__EXERCISE DESCRIPTION__. Leave out the pictures and retype, exactly, the lines below from the line with "Ребята из центра" up to and including the line with "氣泡水, 喝水, 氣泡水機, CRAZY系列, Classic410, 410, MATURE美萃, 雙11, 11.11", nothing more.
====== DATA LISTING
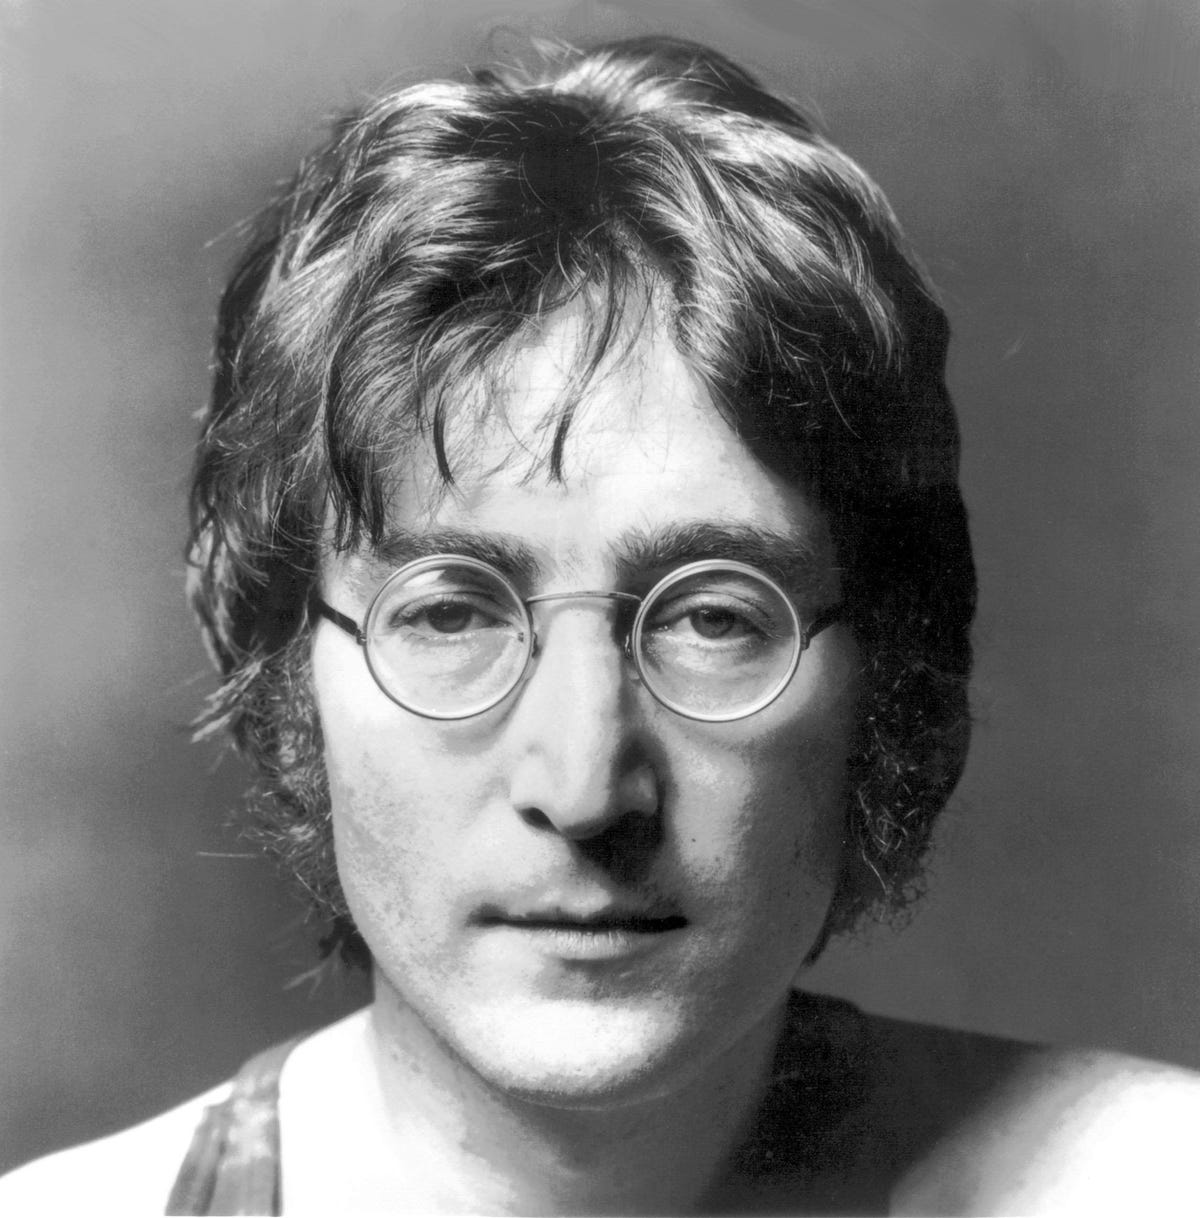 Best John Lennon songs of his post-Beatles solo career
============
====== DATA LISTING
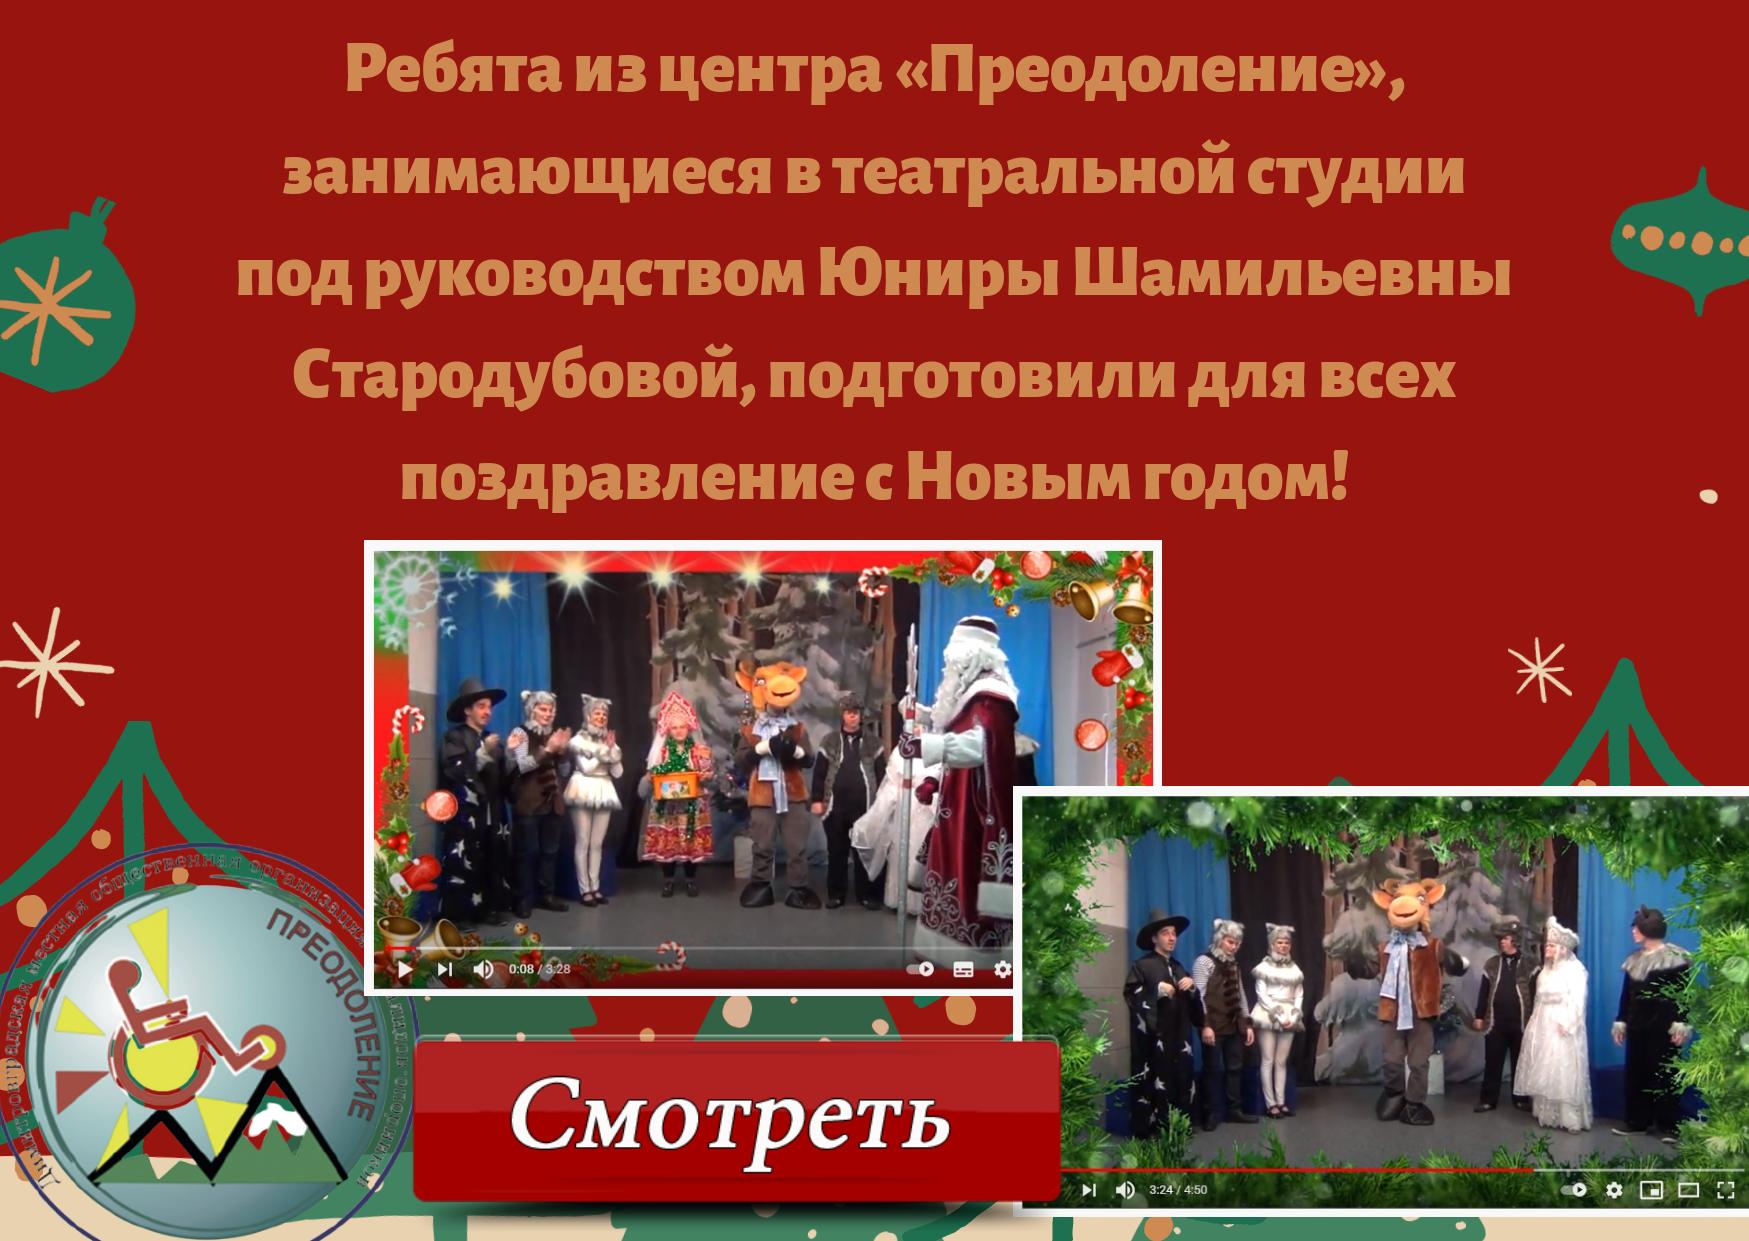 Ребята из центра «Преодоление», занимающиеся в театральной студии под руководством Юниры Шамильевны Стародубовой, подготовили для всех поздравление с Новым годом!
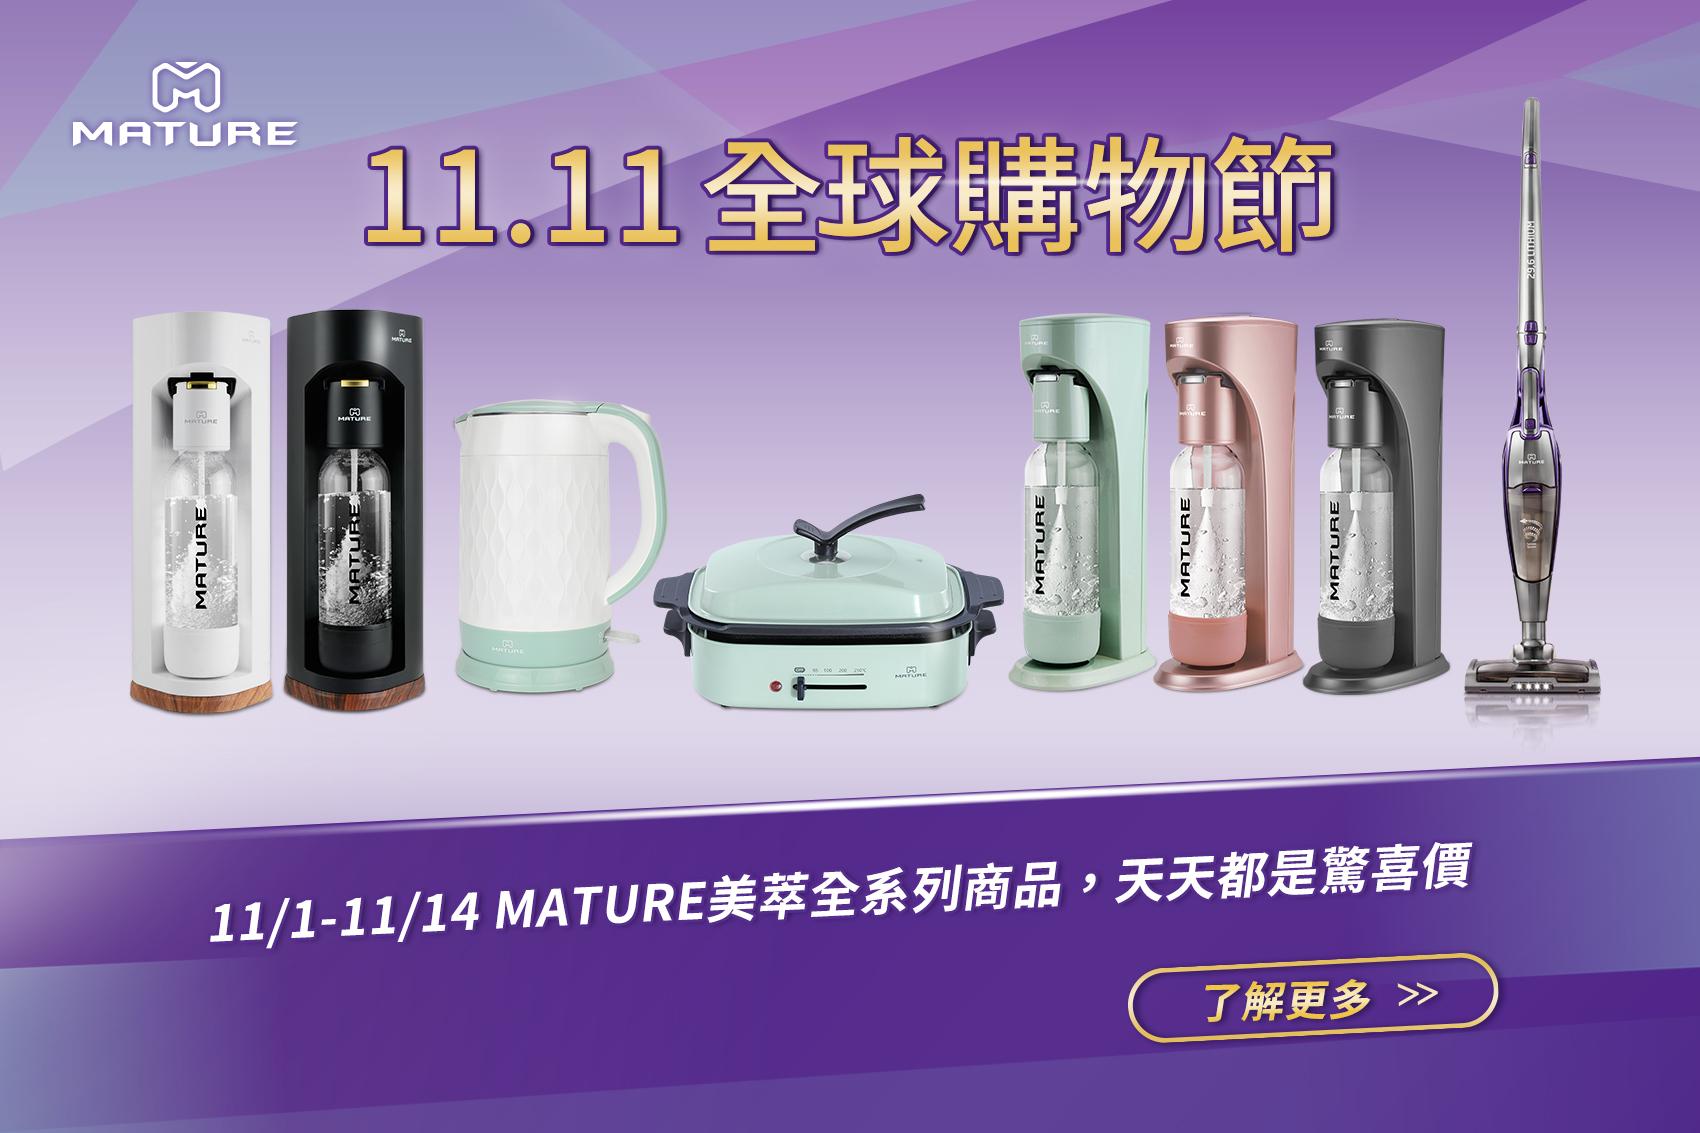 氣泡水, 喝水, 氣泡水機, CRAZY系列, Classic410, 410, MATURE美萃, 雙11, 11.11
============
====== DATA LISTING
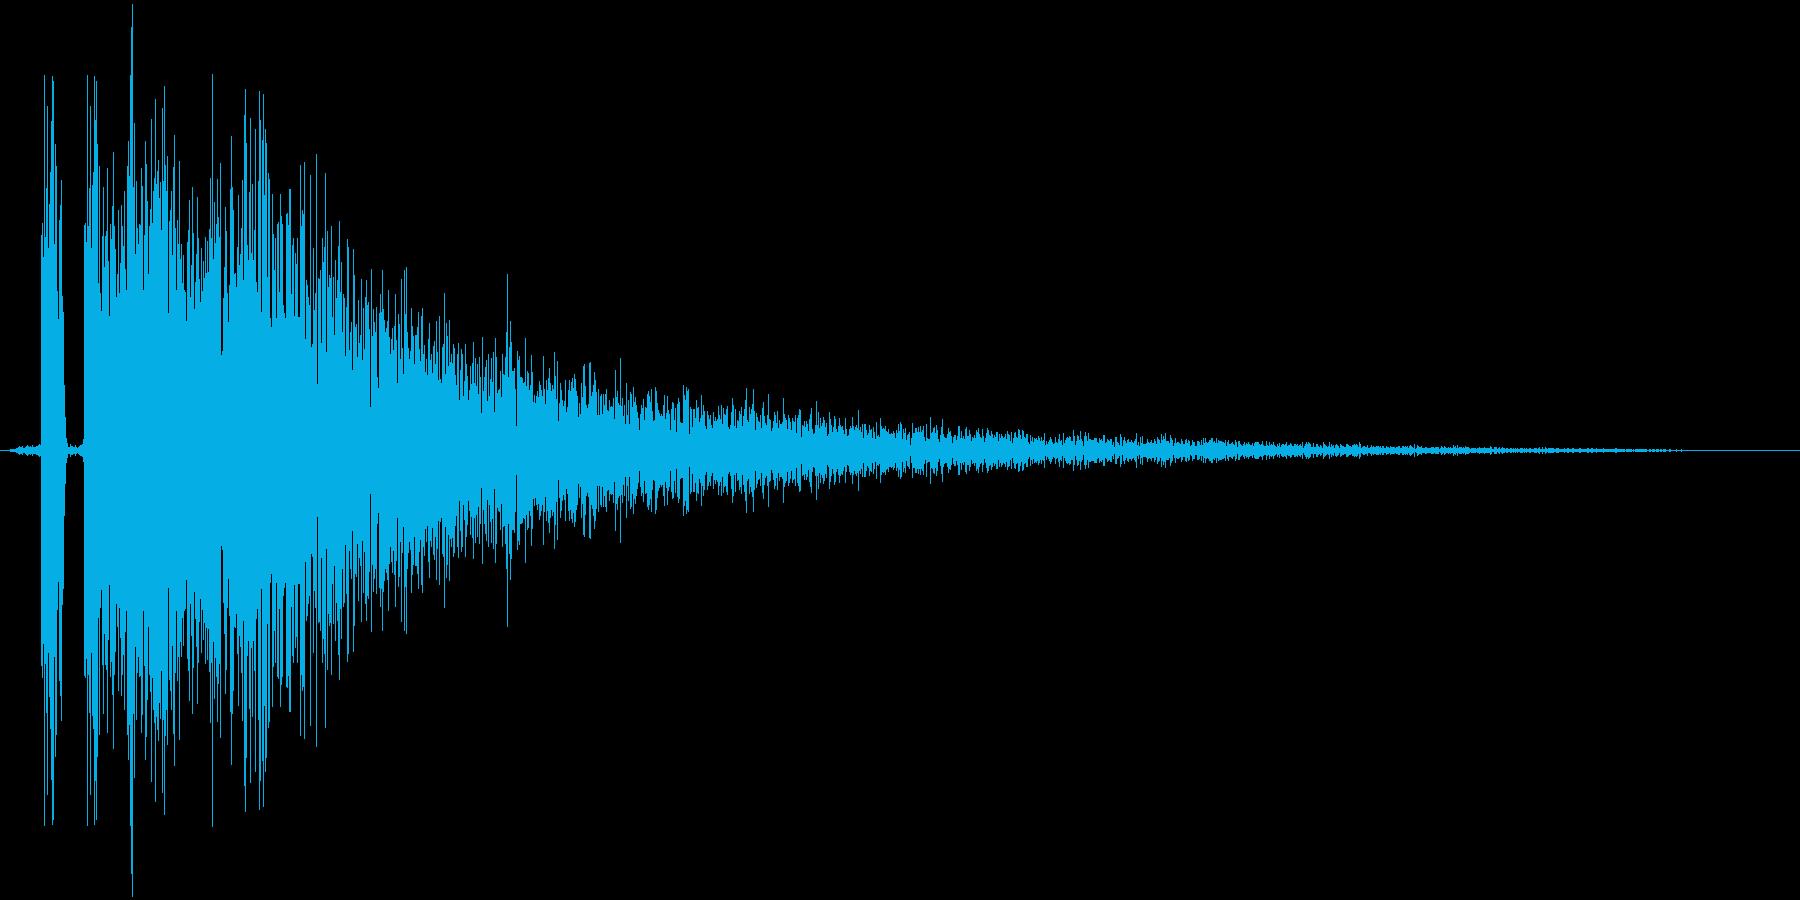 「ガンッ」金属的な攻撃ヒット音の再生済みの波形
============
__OUTPUT OF THE EXERCISE__.
 Ребята из центра «Преодоление», занимающиеся в театральной студии под руководством Юниры Шамильевны Стародубовой, подготовили для всех поздравление с Новым годом!
 氣泡水, 喝水, 氣泡水機, CRAZY系列, Classic410, 410, MATURE美萃, 雙11, 11.11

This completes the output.